05 December 2010

What should the next FAO Director General have?

The UN is in the middle of a nominations process for the next Director General (DG) of it's Food and Agriculture Organisation (FAO). The FAO is a potentially vital organisation in the fight against hunger, and the DG position is critical to its effectiveness.

So, what kind of FAO DG do we want?

Nearly twenty or so years on from the start of Jacques Diouf's tenure in the early 1990s, the world has changed. The good news is that there is much more interest in hunger reduction now. The bad news is that hunger seems to be stuck at around 900 million; and the world food system seems more fragile and complex than ever before.

The following attributes would be on my person specification for the position:

1. A track record of leadership in hunger reduction. By leadership I mean dedicating themselves to the issue, not the organisation. By a track record I mean credible evidence that progress on hunger would have been delayed without this person's relentless and energy applied in strategic and tactical ways to reduce hunger in a given context.

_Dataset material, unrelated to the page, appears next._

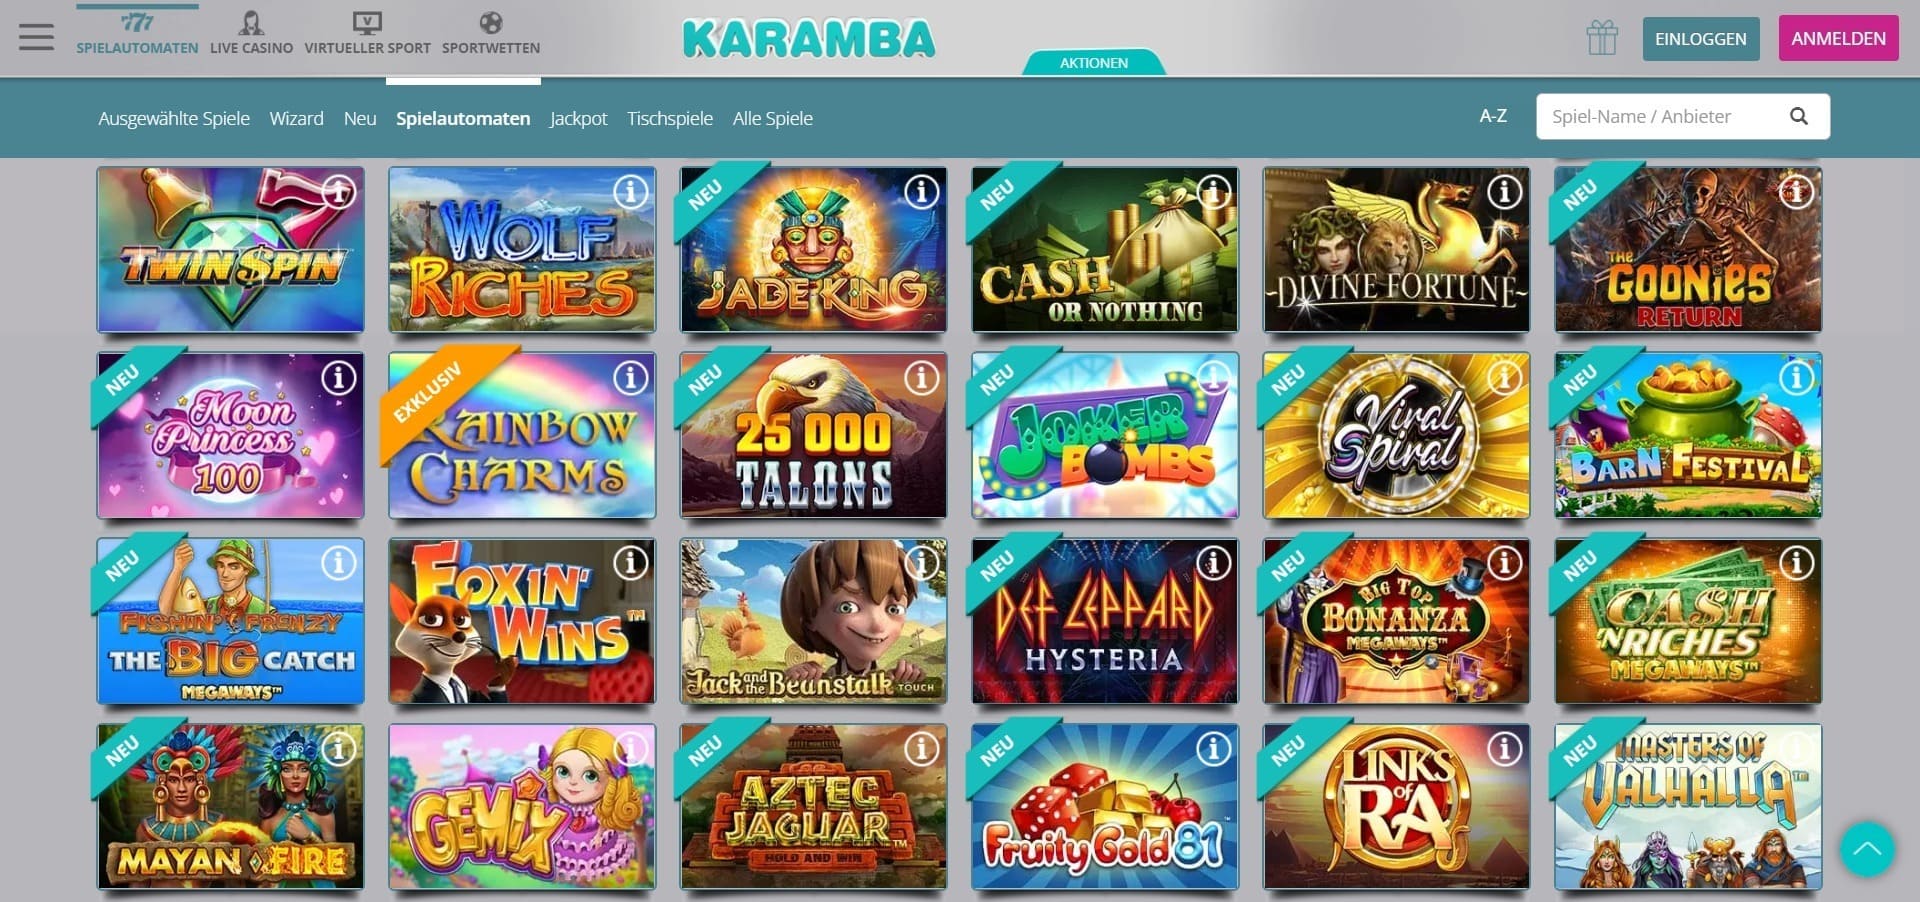 Karamba Casino slot machines

2. An understanding that hunger cannot be tackled by agriculture and food alone, but that agriculture's prime focus should be hunger reduction. What is agriculture for? It is not to produce more food. It is to reduce hunger. There are two different tribes out there and the new DG has to be rooted in the latter, but able to form coalitions with the former.

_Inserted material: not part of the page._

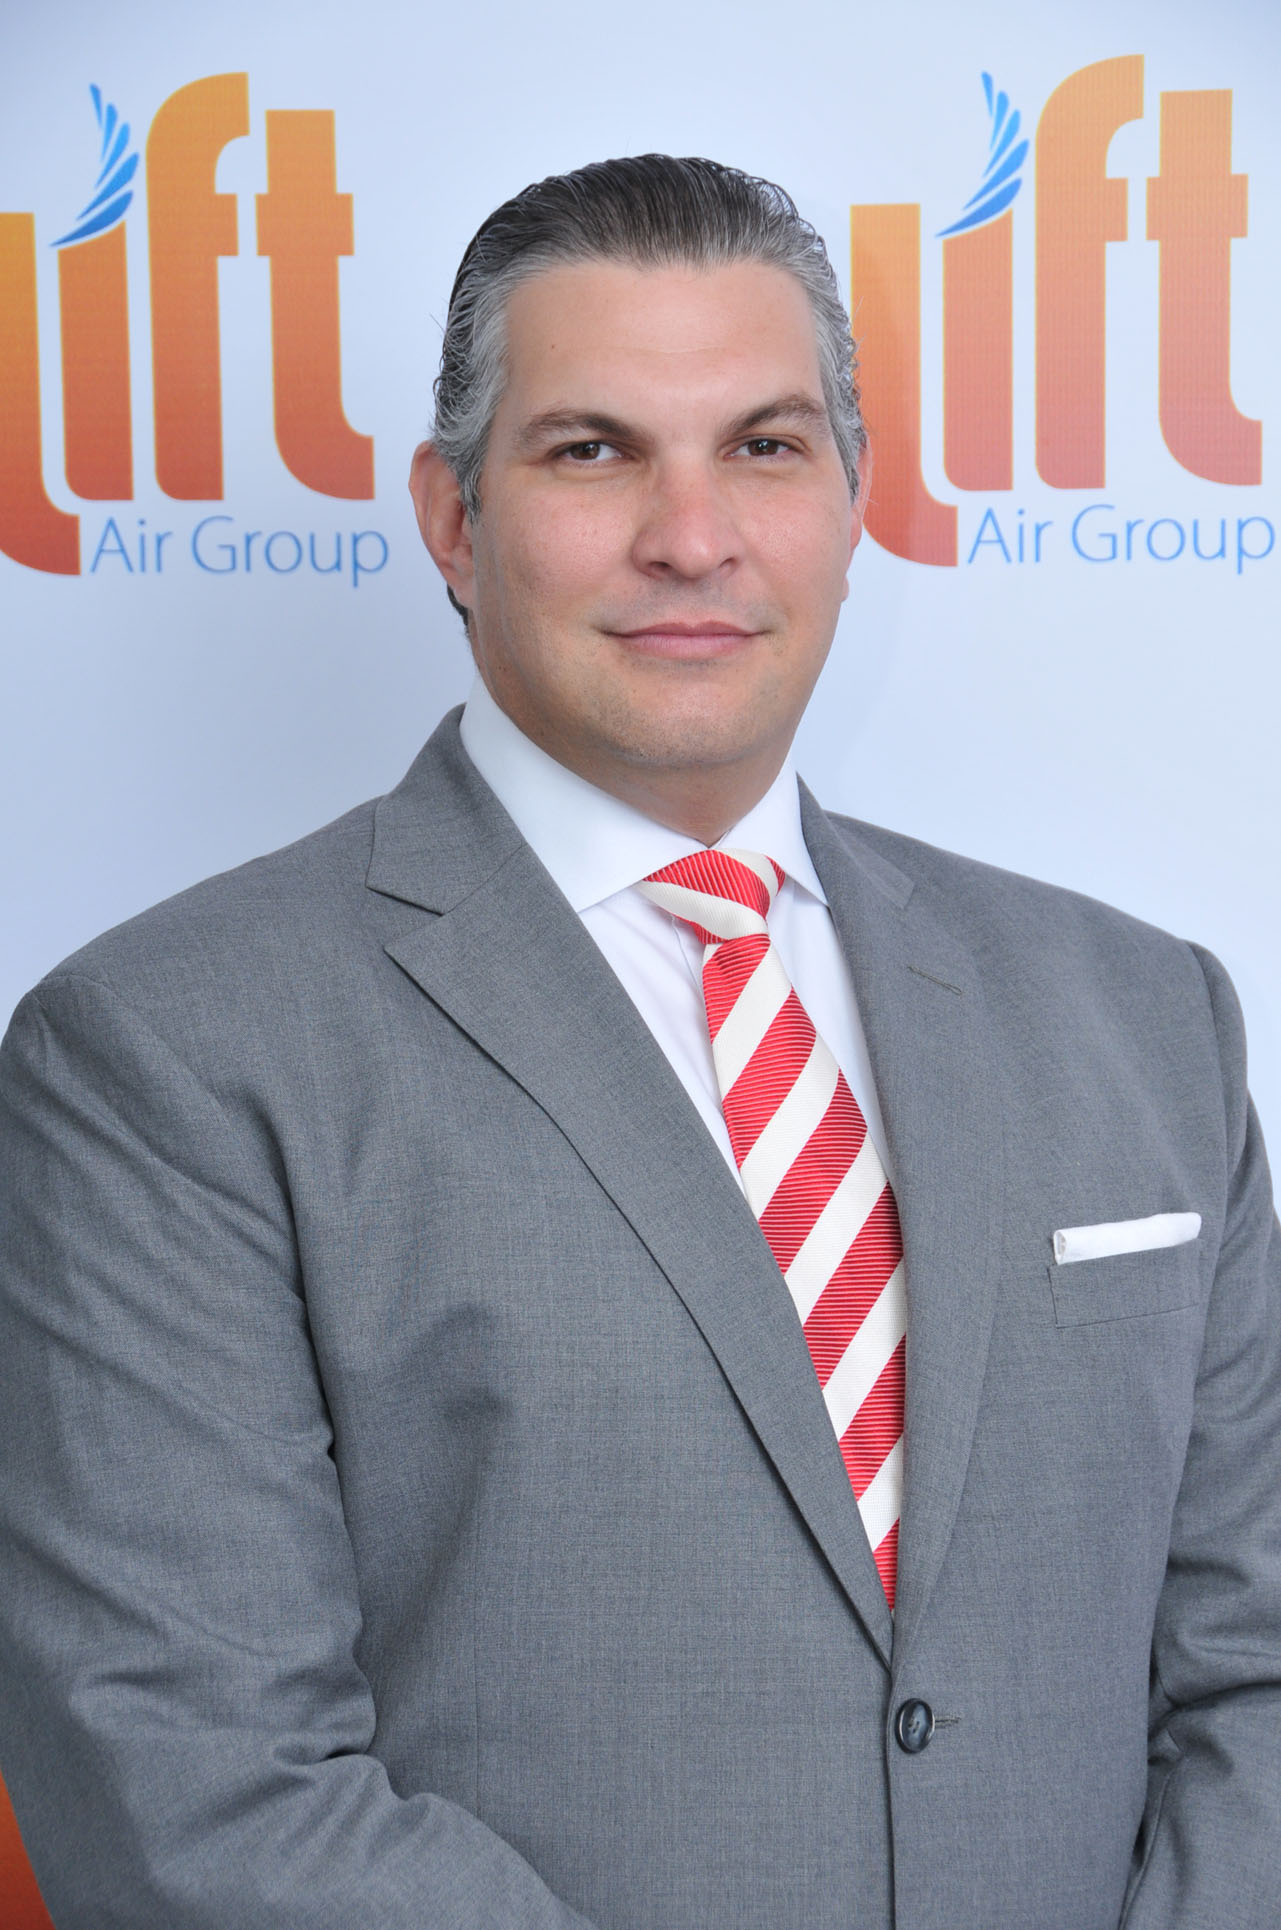 Ryan Polanco, presidente de Lift Air Group.

3. A willingness and ability to form alliances and coalitions with familiar and unfamiliar partners. The Rome based UN agencies need to add up better on hunger, so this will be one challenge for the new DG. More importantly perhaps will be new strategic alliances with the citizen movements and the private sector--to harness the energy of the interaction of the two.

4. The boldness to set up systems to hold her/himself --and FAO--to account. We don't have good numbers on hunger. We don't have good ways of assessing commitments to hunger reduction and the fulfilment of those commitments. The new DG should make it a priority to lead the development of new measures of hunger that are accurate and responsive to rapid change and also new accountability measures and then support efforts to measure FAO's performance against them.

5. A willingness to speak out on hunger. The commitment to eradicate hunger has to be built. The world has become comfortable with 900 million people going hungry every day. The DG must speak out on hunger, make us uncomfortable, guide us on what to do, and do all of this from a strong evidence base.

May the best person win the FAO DG position. But given the political nature of the UN selection system, I'm not holding my breath.

1 comment:

Lawrence said...

I just picked up the fact that Dr Graziano Da Silva hasbeen nominated by Brazil for the position and has the support of the South American and Portugese speaking countries. His bio is here.

"Dr. Graziano, 61 years old, received his Bachelor’s Degree in Agronomy and Master’s Degree in Rural Economics and Sociology from the University of São Paulo (USP) and his Ph.D. in Economic Sciences from the State University of Campinas (UNICAMP). In addition, he has two post-Doctorate degrees in Latin American Studies (University College of London) and Environmental Studies (University of California, Santa Cruz).

Since 2006, he serves as FAO Regional Representative for Latin America and the Caribbean and Assistant Director-General.

Dr. Graziano da Silva has been nominated as Brazil’s candidate to the office of Director-General of FAO by President Luiz Inácio Lula da Silva and President-Elect Dilma Rousseff."

http://www.grazianodasilva.org/en/press-room/2010/11/south-american-and-portuguese-speaking-countries-support-graziano-da-silva%e2%80%99s-candidacy-to-fao/

Have any of you met him or heard him speak?